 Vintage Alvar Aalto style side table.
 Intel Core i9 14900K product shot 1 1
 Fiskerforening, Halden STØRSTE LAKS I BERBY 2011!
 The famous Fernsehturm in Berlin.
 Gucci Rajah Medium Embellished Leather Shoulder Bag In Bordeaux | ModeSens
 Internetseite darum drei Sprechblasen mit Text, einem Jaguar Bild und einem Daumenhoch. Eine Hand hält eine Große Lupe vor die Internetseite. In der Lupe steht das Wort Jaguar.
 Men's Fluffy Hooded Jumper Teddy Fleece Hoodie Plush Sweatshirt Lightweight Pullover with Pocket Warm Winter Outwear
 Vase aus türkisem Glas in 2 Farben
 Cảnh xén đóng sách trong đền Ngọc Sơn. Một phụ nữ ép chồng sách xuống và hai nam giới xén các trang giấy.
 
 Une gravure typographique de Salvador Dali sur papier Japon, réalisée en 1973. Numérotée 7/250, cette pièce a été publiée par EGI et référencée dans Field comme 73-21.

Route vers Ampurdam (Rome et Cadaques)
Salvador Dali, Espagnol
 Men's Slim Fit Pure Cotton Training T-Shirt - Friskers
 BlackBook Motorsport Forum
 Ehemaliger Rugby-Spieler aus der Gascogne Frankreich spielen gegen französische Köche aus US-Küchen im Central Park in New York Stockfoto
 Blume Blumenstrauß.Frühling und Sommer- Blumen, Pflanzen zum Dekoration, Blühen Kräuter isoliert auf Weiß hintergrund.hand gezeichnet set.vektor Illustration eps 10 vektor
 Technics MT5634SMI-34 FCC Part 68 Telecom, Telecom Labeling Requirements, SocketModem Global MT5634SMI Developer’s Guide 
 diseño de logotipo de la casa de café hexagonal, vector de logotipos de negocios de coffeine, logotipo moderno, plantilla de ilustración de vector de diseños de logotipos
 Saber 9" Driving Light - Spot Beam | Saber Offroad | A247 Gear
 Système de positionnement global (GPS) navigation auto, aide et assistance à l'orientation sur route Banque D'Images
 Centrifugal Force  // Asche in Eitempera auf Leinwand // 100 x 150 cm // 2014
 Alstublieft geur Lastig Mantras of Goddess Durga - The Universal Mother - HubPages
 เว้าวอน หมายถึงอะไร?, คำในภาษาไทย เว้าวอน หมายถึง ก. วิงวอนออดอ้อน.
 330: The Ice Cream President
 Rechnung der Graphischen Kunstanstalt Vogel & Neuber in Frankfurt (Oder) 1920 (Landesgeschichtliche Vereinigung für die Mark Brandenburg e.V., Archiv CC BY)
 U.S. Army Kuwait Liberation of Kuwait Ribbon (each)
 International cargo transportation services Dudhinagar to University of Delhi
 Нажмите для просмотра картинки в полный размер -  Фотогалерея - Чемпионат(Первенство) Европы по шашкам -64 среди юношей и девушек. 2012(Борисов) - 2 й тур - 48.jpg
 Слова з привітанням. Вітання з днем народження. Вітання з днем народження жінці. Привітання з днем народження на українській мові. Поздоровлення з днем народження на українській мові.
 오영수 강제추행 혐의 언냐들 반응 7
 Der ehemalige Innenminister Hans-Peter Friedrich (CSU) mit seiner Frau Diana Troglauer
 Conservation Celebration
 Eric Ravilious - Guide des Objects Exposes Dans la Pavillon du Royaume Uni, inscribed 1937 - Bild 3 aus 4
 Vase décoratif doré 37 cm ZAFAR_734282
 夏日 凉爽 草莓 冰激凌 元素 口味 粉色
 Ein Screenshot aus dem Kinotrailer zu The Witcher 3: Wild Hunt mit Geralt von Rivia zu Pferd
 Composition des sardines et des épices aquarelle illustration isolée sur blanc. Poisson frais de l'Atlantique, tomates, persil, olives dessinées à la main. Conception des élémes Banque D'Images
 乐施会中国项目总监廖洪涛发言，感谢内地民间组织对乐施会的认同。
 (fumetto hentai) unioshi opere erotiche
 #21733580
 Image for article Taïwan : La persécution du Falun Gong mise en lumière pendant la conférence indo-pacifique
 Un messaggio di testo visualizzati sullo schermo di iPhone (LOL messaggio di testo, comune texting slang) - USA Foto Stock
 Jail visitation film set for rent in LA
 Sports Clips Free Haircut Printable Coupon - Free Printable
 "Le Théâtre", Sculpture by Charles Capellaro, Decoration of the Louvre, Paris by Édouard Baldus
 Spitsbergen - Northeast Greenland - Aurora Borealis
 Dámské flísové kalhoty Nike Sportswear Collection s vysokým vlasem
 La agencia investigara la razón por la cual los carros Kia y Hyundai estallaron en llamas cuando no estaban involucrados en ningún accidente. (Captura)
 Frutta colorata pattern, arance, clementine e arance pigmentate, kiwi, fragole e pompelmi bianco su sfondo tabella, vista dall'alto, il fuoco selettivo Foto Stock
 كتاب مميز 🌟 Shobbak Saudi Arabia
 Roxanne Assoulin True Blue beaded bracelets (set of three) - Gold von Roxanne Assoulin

◆ ◆ ◆ ◆ ◆

EXERCISE GOAL
Give only the number of lines in the preceding data that include the word "Dali".

ANSWER SECTION
2